The main thing to worry about is your stairs being flat, solid and level. For example, installing ceramic tile on wooden stairs works just fine. You just have to make sure the stairs are stable enough to withstand the weight of the tile. Most people choose to install a sub-floor cement board to make a smooth and level surface. This will help with stabilization. You also have to make sure that you use ceramic tile that is specially made for stairs.

However, this is a process that is different from a flat surface. The process of installing ceramic tiles over stairs may vary. For example, there is the risk of your stairs shifting. This, in turn, may make your newly installed ceramic tile crack.

Extra installation tips

There are certain things you need to expect when installing ceramic tile over any surface. We have considered this and included a few tips that will help you keep your new floors in optimal condition. For example, you may need to level a subfloor. Subfloors tend to develop low spots or imperfections over time. Fill in a low spot with the floor-patching mixture. Afterward, sand it once it hardens.

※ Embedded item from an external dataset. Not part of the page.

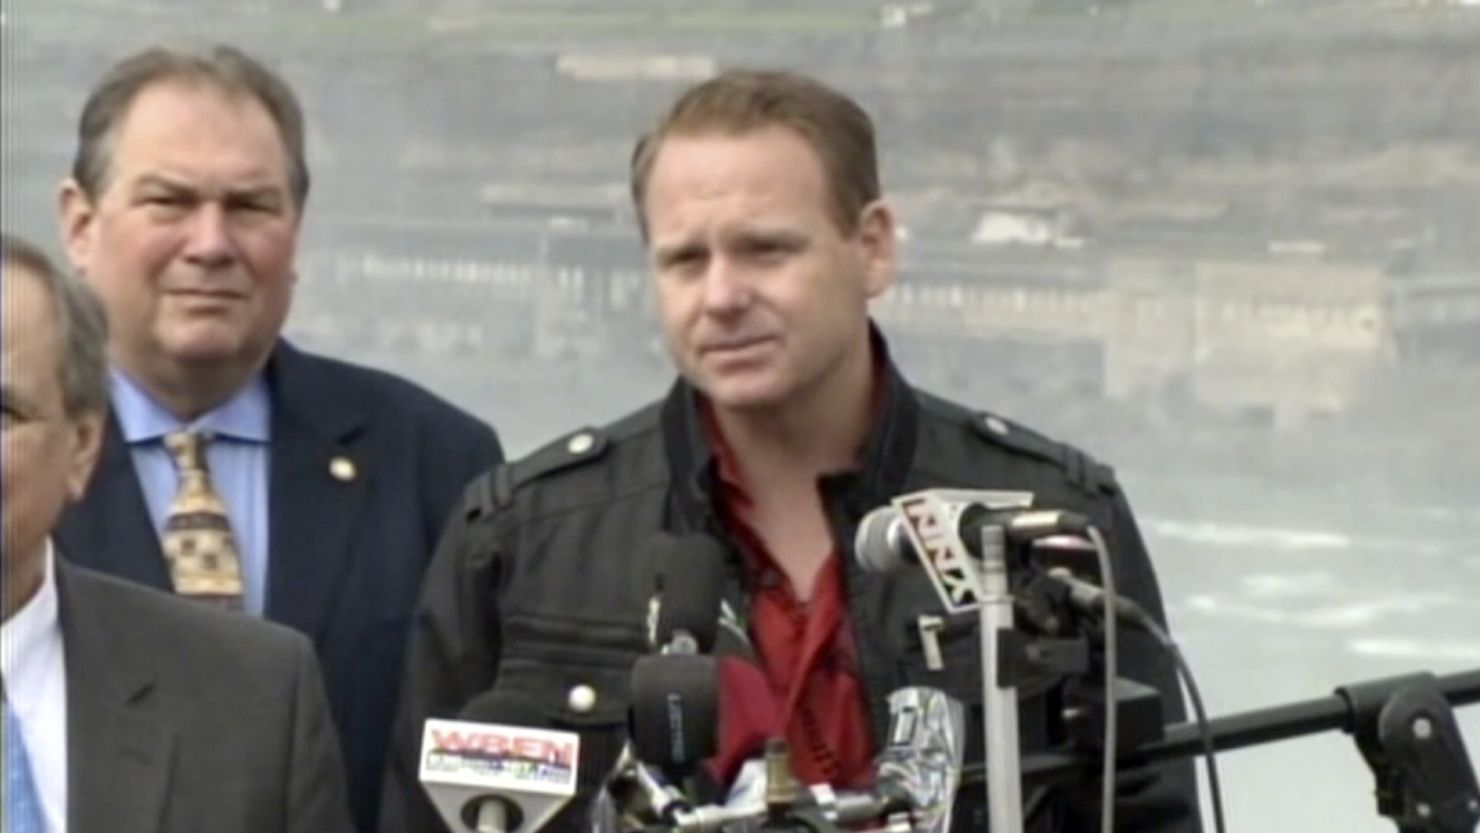 Daredevil Nik Wallenda expects to make his high-wire walk over Niagara Falls on June 15.

When you are laying tile, make sure to measure out an area away from walls. Also, make sure that there are no borders so you can install full squares of tiles. After letting this set enough for you to walk over it, measure the space along walls and border areas. Start marking where the tiles need to be cut so you can fill in the odd spaces. This is a great and precise way to measure the tiles for cutting and can save you a lot of time. By keeping all of these tips in mind, you should be able to successfully install ceramic tile over any type of flooring with no problem at all.